Als Halbjüdin bekam sie 1934 Berufsverbot, arbeitete aber nach wie vor mit ihrem Mann zusammen. Die Kriegsgräuel und die Folgen der Explosion der Atombomben in Hiroshima und Nagasaki waren der Auslöser für Freda Wuesthoff, sich der Friedensarbeit zu widmen. Sie warnte vor den Gefahren der Atomkraft und entwarf ein sehr konkretes “Arbeitsprogramm für den dauernden Frieden”. Unermüdlich wandte sie sich in Vorträgen gegen Atombombenversuche und mahnte auch vor der friedlichen Nutzung der Atomkraft.

Zur gleichen Zeit wurde die Arbeit mit gleichgesinnten Frauen ein neuer Lebensinhalt für Freda Wuesthoff.
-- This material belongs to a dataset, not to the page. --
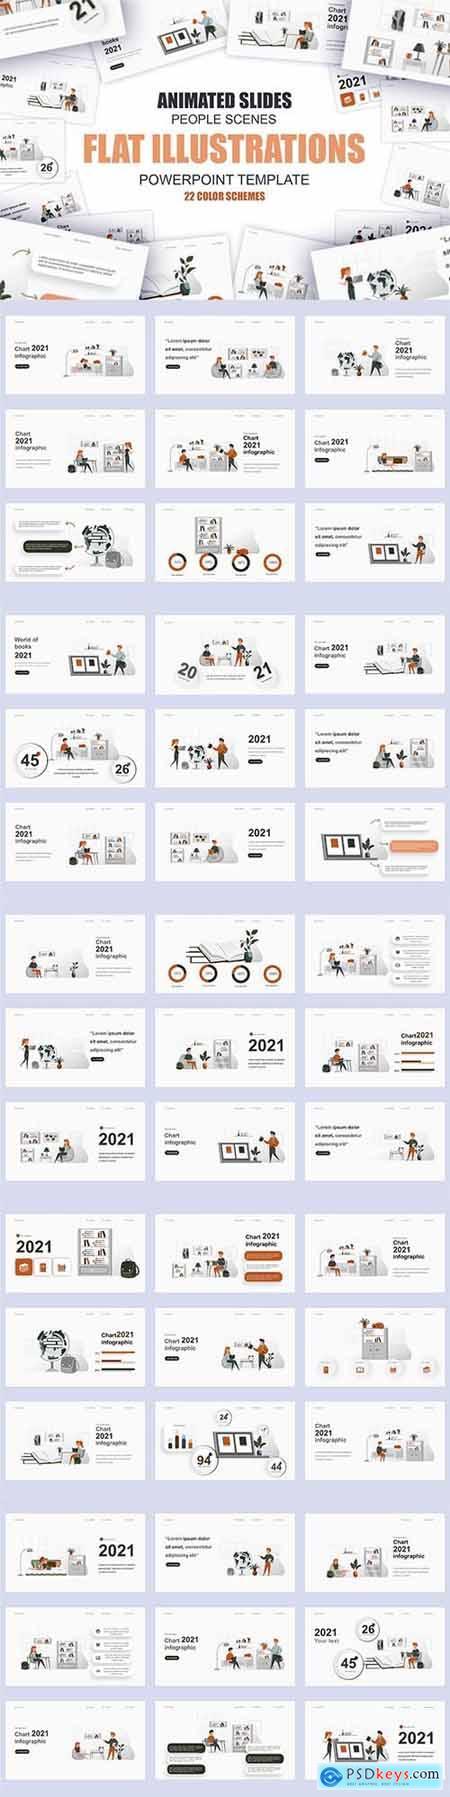 Education Illustration Powerpoint Template

In ganz Deutschland gründete sie “Frauenringe” und gemeinsam mit Theanolte Bähnisch den “Deutschen Frauenring” als Dachorganisation. Ihrem Friedenskreis gehörten Gertrud Bäumer, Agnes von Zahn-Harnack und Elly Heuss-Knapp an. Gemeinsam wollten sie erreichen, dass in die Länderverfassungen Artikel zur
Friedensförderung aufgenommen werden sollten. Für Schulen entwickelte Freda Wuesthoff ein Konzept für Friedensunterricht.

Neben ihrer Reise- und Vortragstätigkeit zur Friedenssicherung war Freda Wuesthoff auch Mitglied in nationalen und internationalen Kommissionen für gewerblichen Rechtsschutz. Am 5. November 1956 starb die Mitbegründerin der deutschen Friedensbewegung an den Folgen eines komplizierten Armbruchs, den sie sich auf dem Weg zu einem Vortrag gegen Atombombenversuche zugezogen hatte.

Einige Lebensläufe wurden Anfang 2017 für die Internetseite aktualisiert.